■ Directions ■
The reply is to contain the full listing, repeated exactly, with pictures left out.

■ Data segment ■
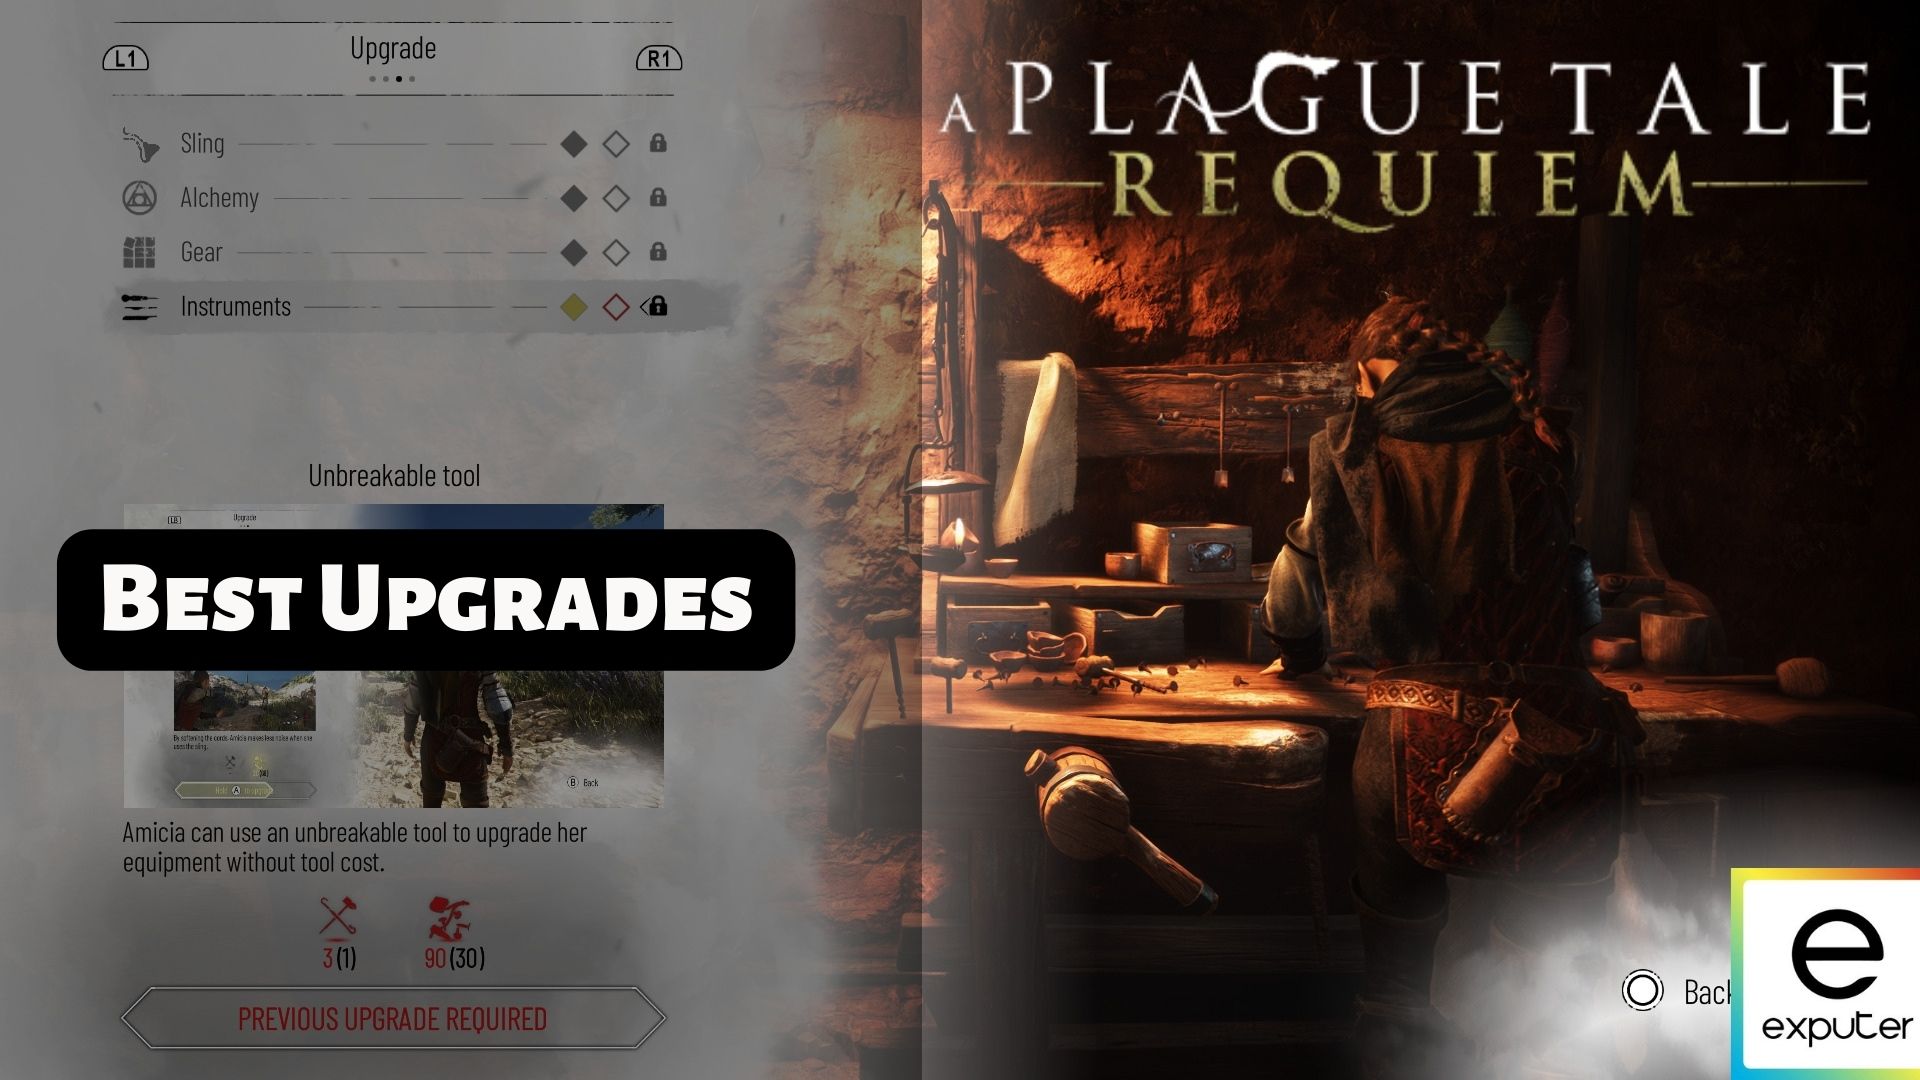 A Plague Tale Requiem best upgrades for your weapons, tools
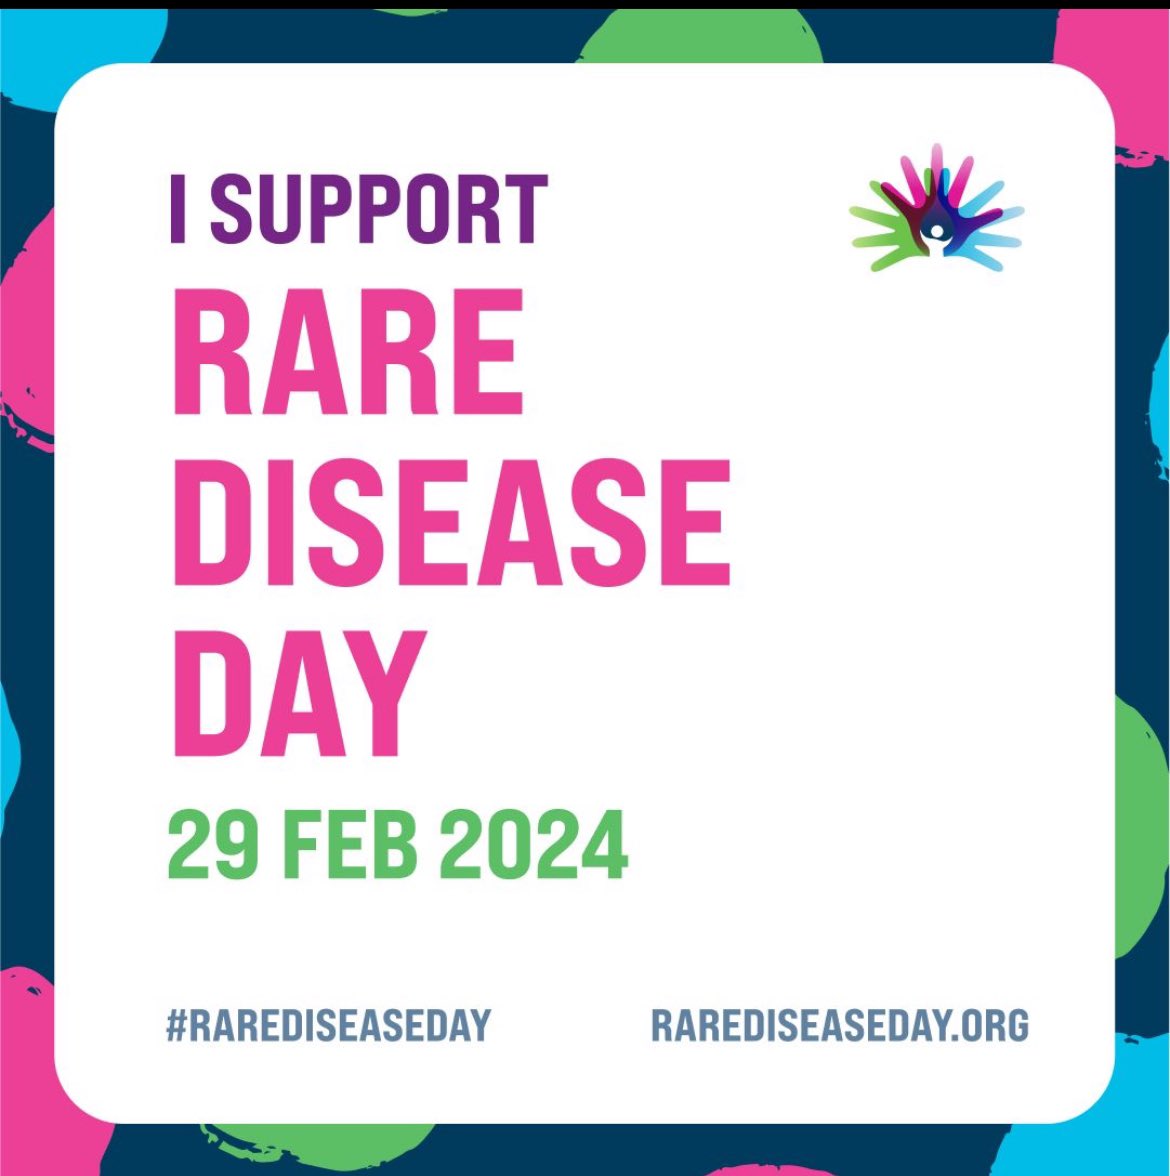 Today is the Rare Disease Day. Switzerland will hopefully soon have a national Network for Rare Liver Diseases working on harmonized pathways of care and education in this important topic. Let’s help our patients by joining forces @SASL_School #Kosek
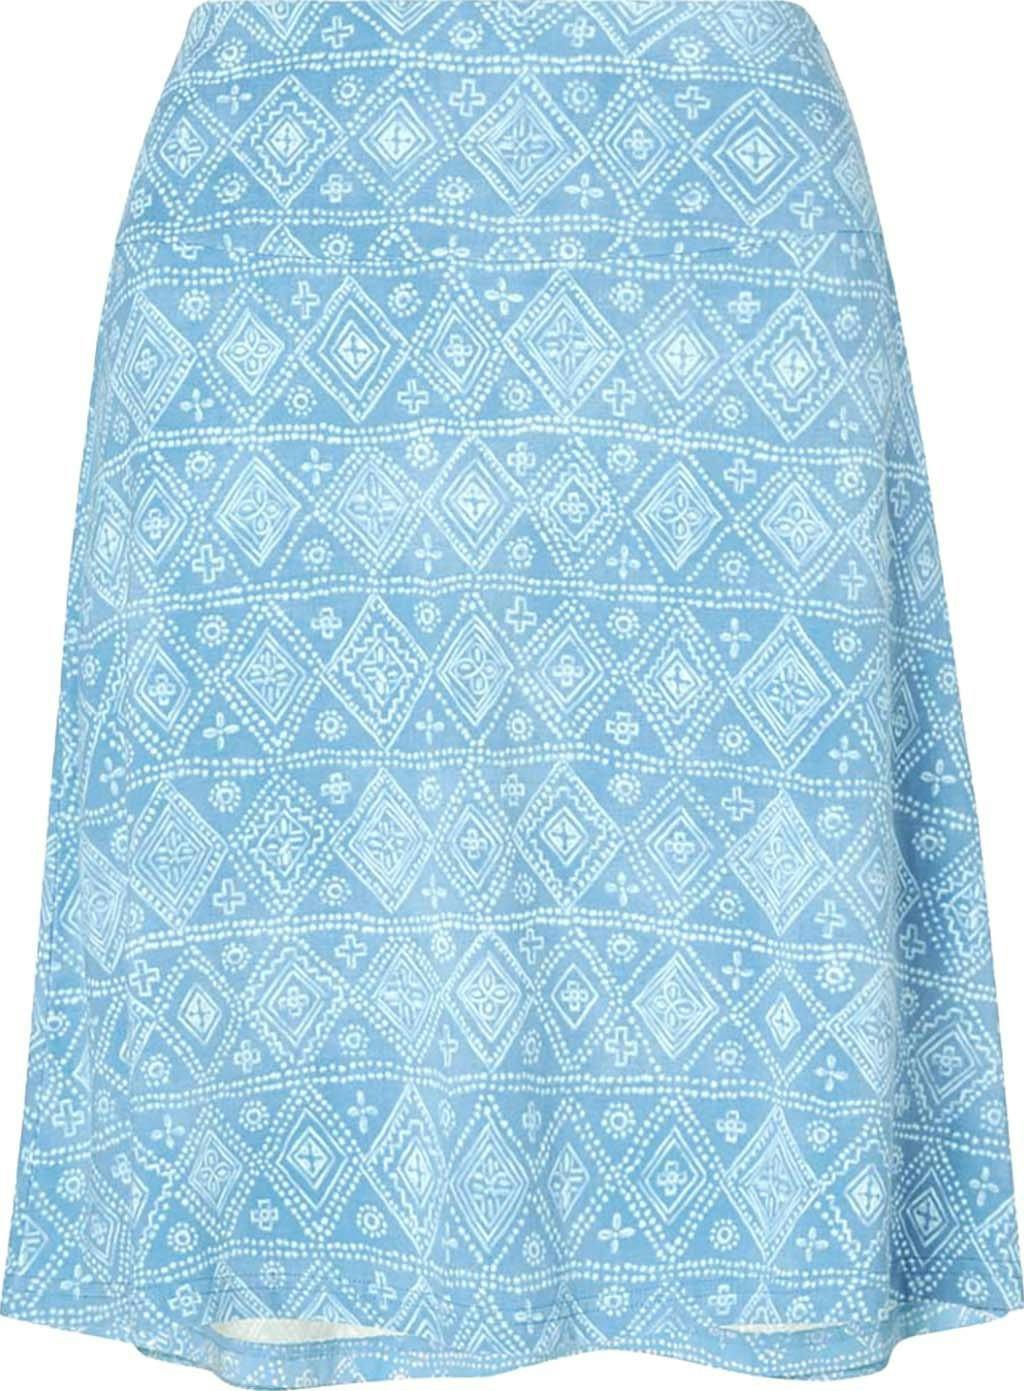 Product image for Padma Pull-On Skirt - Women's

■ Task answer ■
 A Plague Tale Requiem best upgrades for your weapons, tools
 Today is the Rare Disease Day. Switzerland will hopefully soon have a national Network for Rare Liver Diseases working on harmonized pathways of care and education in this important topic. Let’s help our patients by joining forces @SASL_School #Kosek
 Product image for Padma Pull-On Skirt - Women's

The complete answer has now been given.